Corinne swore under her breath right as he saw them. He stumbled faster toward them, arms outstretched in pleading.

“You're here,” he said. “Everything is dark, and I can't see straight. Corinne, you gotta help me. I just need some blue skies and sunshine. Just need to shake the ghosts loose.”

He looked worse than the last time she had seen him. The skin was sagging around his emaciated face, and his eyes were cavernous in his skull. Corinne felt that she was in Haversham again, staring into the dying man's face as his blood trickled away, but it was the hemopath clubs that had drained the life from Harry. She shuddered when his grimy fingers touched her sleeve. It was a light touch—spectral, as if he already had one foot in the grave.

“I can't help you,” she told him.

“You won't help me.”

His fingers curled around her arm, but there was no strength in them. To her right, Gabriel moved, as if to push Harry away, but she pressed her free hand against his elbow to stop him. She peeled Harry's fingers away from her sleeve. She used to think that edgers were weak, but now she was thinking about that moment in Silas Witcher's office, when he had laid down a few words and twisted her brain into darkness. And the way Ada's song had climbed into her head and forced her to leave her best friend behind. Their gifts were a double-edged sword.

The Cast Iron and the Red Cat had given Harry blue skies and sunshine, without warning him of the ghosts that crept through the cracks. Without warning him that every song and poem he chased led him closer to the edge.

What must it be like, to crave your own destruction?
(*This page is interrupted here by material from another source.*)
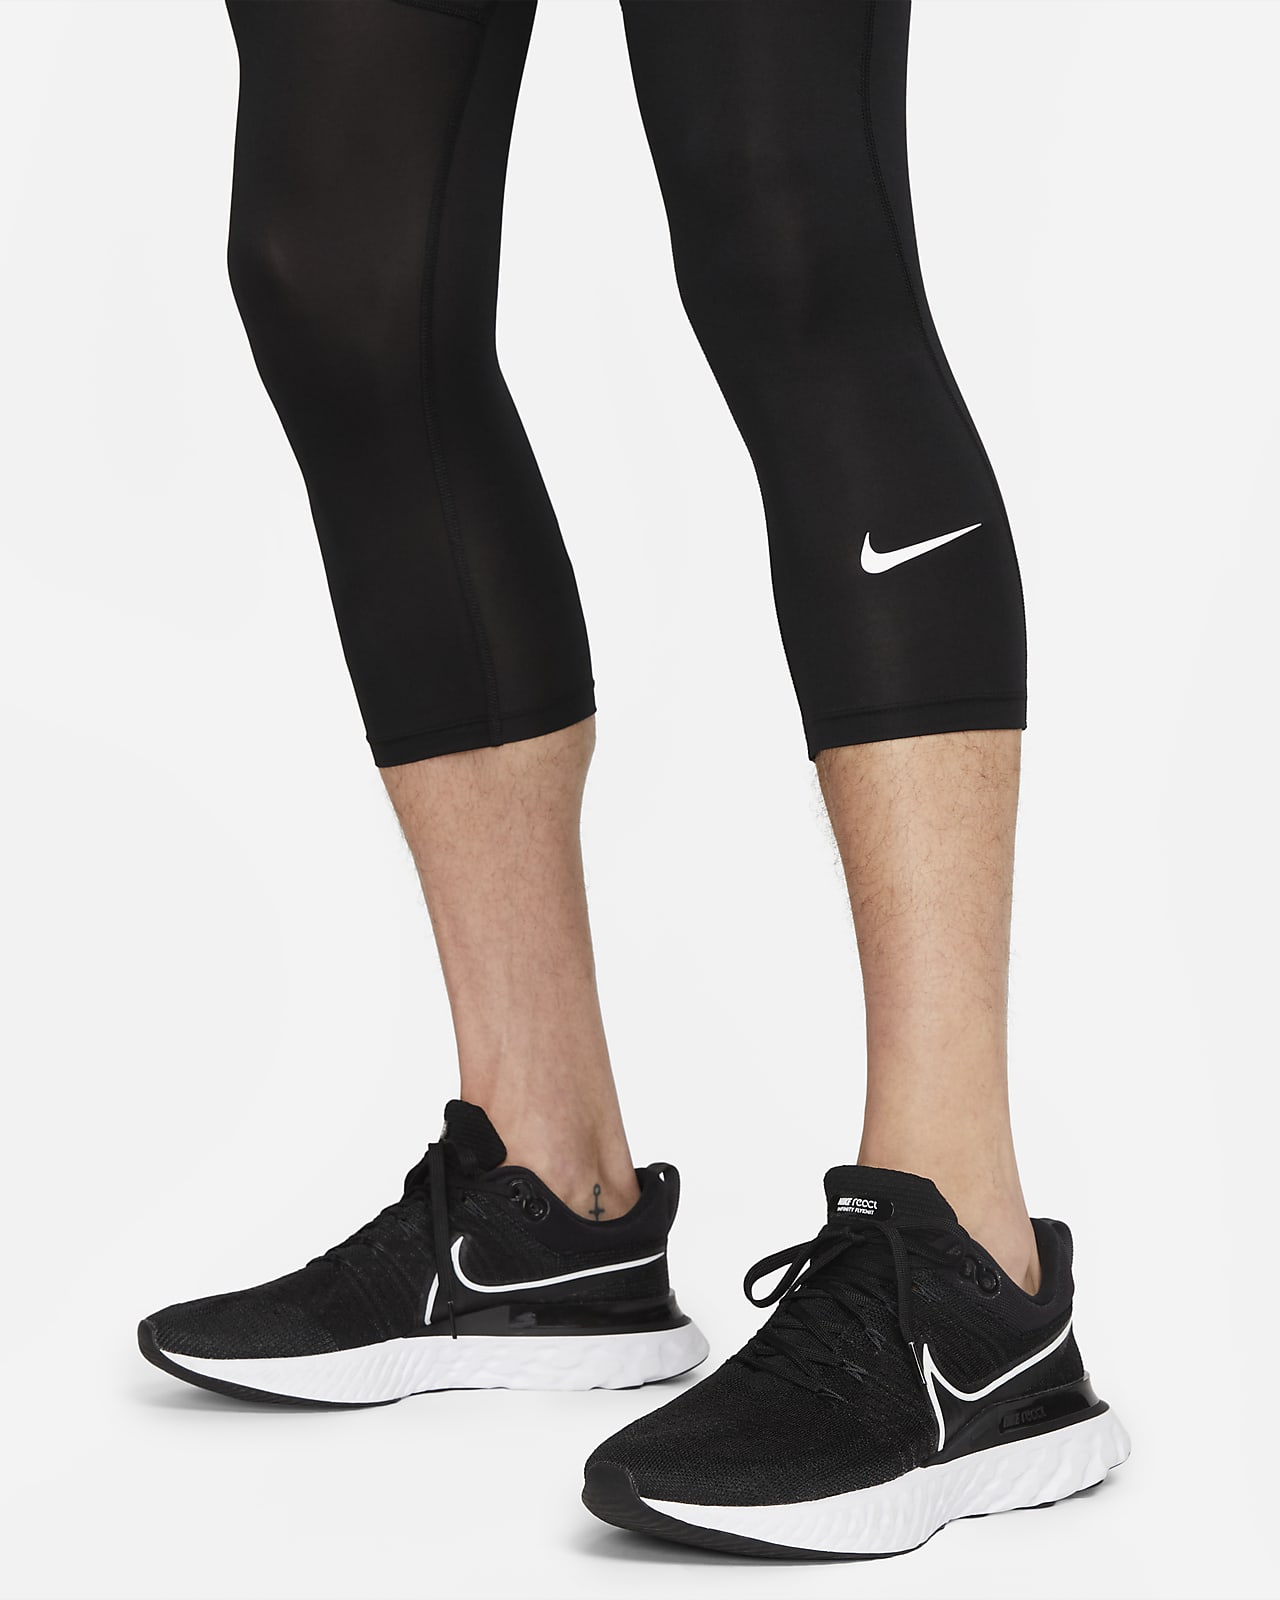 Nike Pro Dri Fit 3/4 Tight Black

“I'm sorry,” she whispered.

Stooped as he was, his eyes were close to hers. Once they might have been a clear gray, but now they were bloodshot and murky.

“Where's Ada?” he asked.

She was still holding his quivering fingers in her hand.

“She's in trouble,” Corinne said. “I can't help you because I have to help her.”

Harry dragged his hands across his face. His fingernails were torn and bleeding. She couldn't tell if the dampness on his cheeks was sweat or tears.

“Ghosts in my head,” he murmured. “God help me, I don't know what to do.”

Neither did Corinne. She reached out, tentatively, but let her hand fall short. He would find no comfort in her touch. For the
first time, she wondered if they were wrong trying to put everything back to the way it was before. She wondered if they were any better than Dr. Knox.

“Corinne,” Gabriel said.

He didn't have to say more. Corinne remembered why they had come, how much they had to lose. She nodded, and he opened the door. She made it two steps into the storage room before she turned and walked out again, brushing past Gabriel.

Harry was on the ground with his head between his knees. His shoulders were shuddering, though he made no noise. Corinne crouched beside him and quoted into his ear.